**Information shown**
──────────

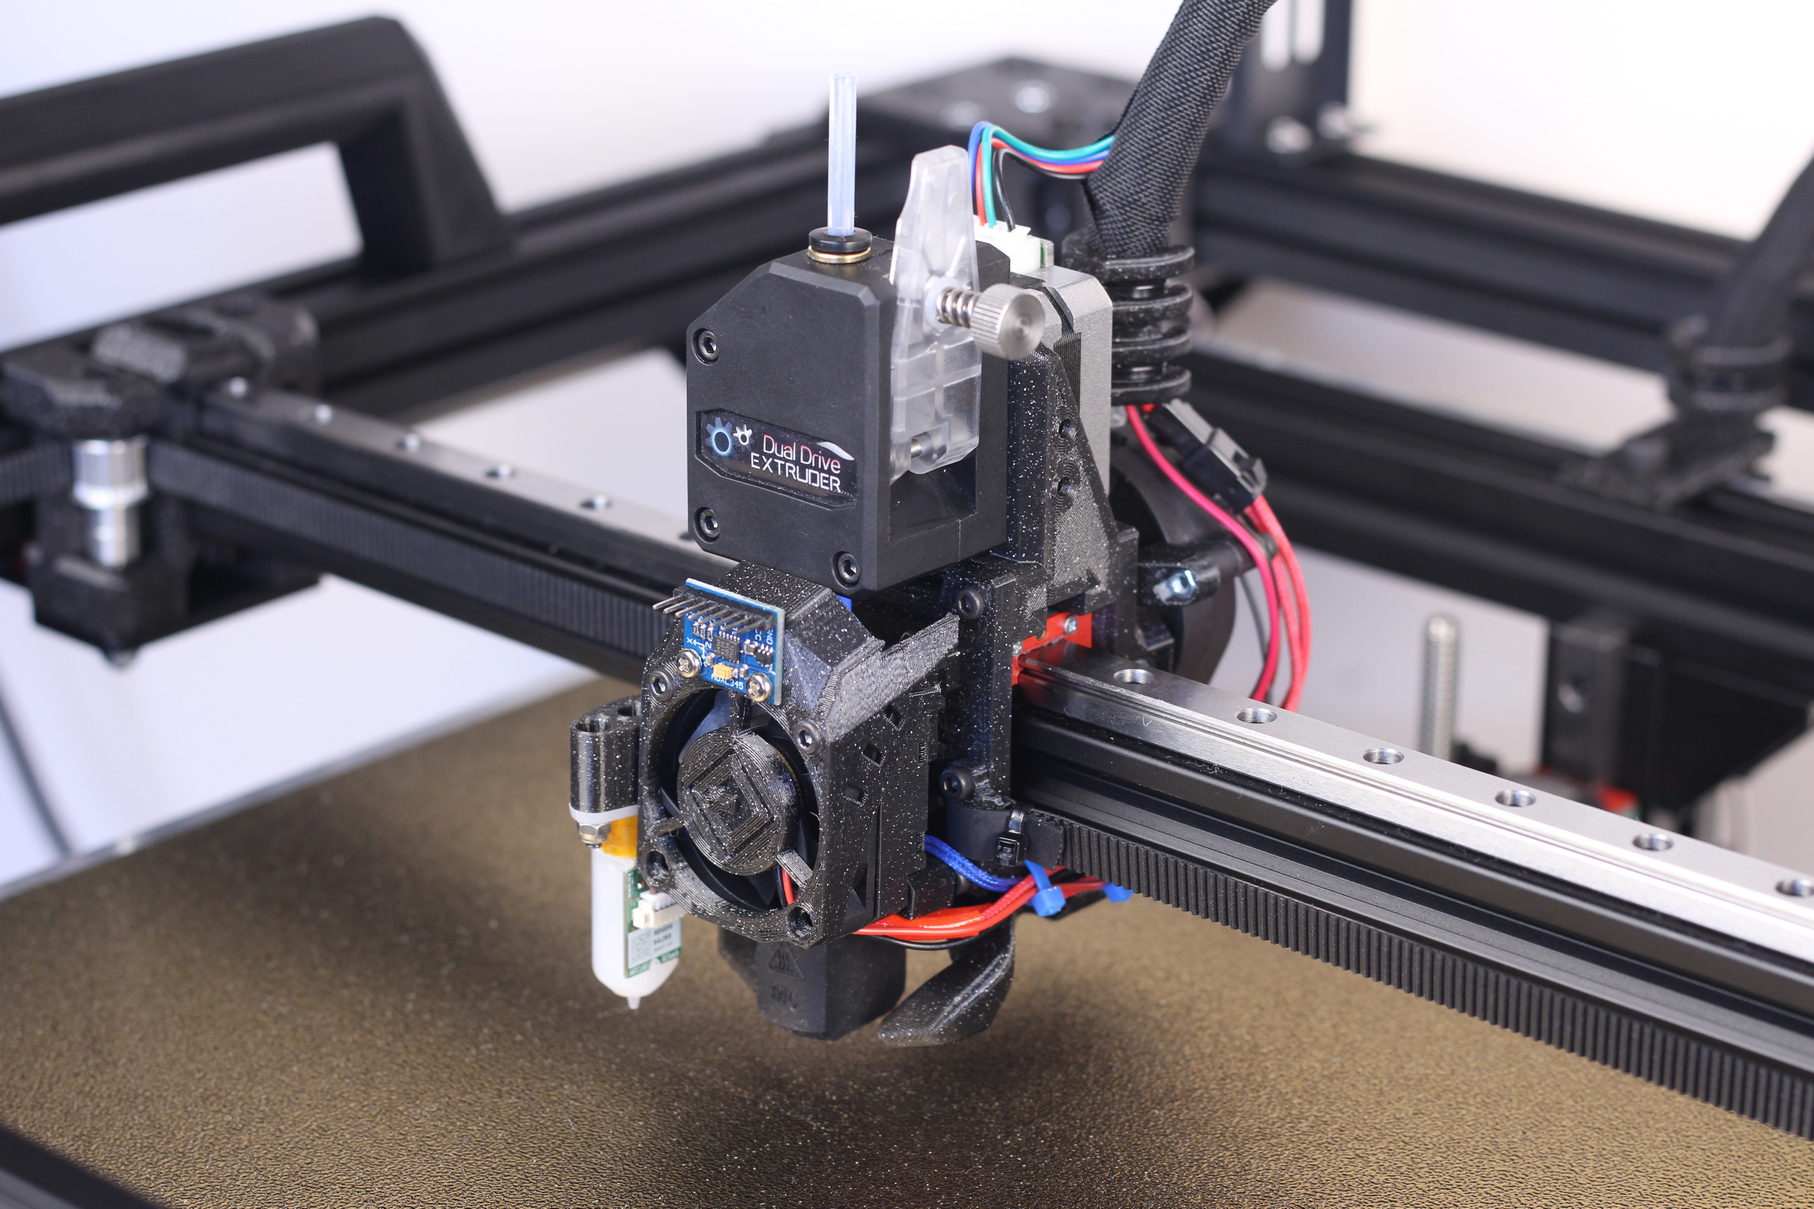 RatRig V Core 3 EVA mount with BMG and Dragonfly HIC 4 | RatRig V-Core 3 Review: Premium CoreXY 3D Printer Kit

──────────

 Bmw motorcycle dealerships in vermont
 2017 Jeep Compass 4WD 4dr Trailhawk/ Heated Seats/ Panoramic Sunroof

──────────

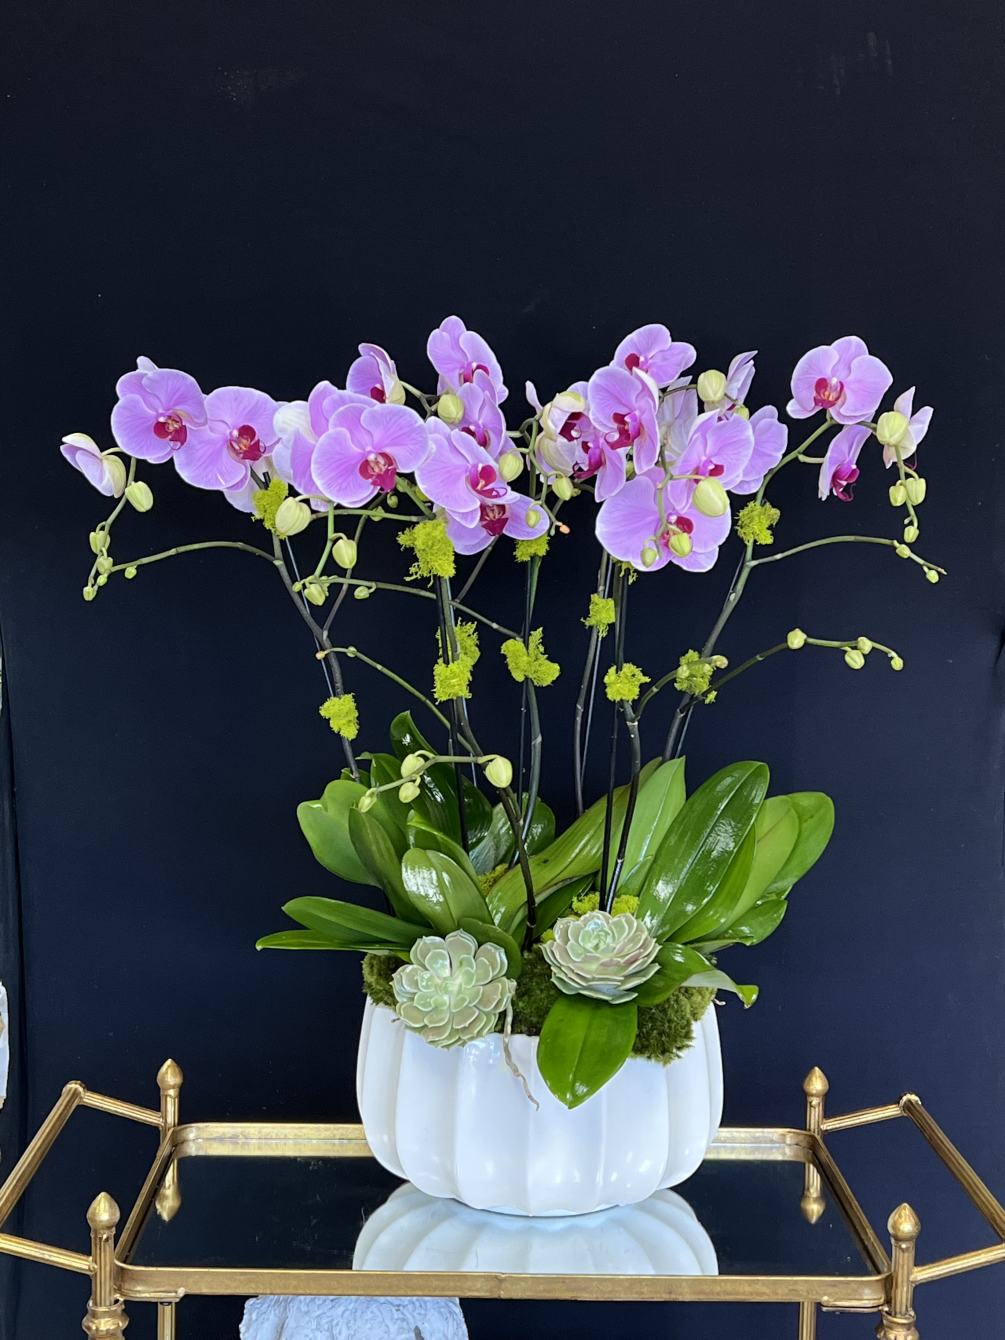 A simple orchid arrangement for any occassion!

──────────

The required answer is the run of lines above, starting at the line with "Bmw motorcycle dealerships in vermont" and ending at the line with "2017 Jeep Compass", reproduced exactly with both ends.

**Response to the task**
 Bmw motorcycle dealerships in vermont
 2017 Jeep Compass 4WD 4dr Trailhawk/ Heated Seats/ Panoramic Sunroof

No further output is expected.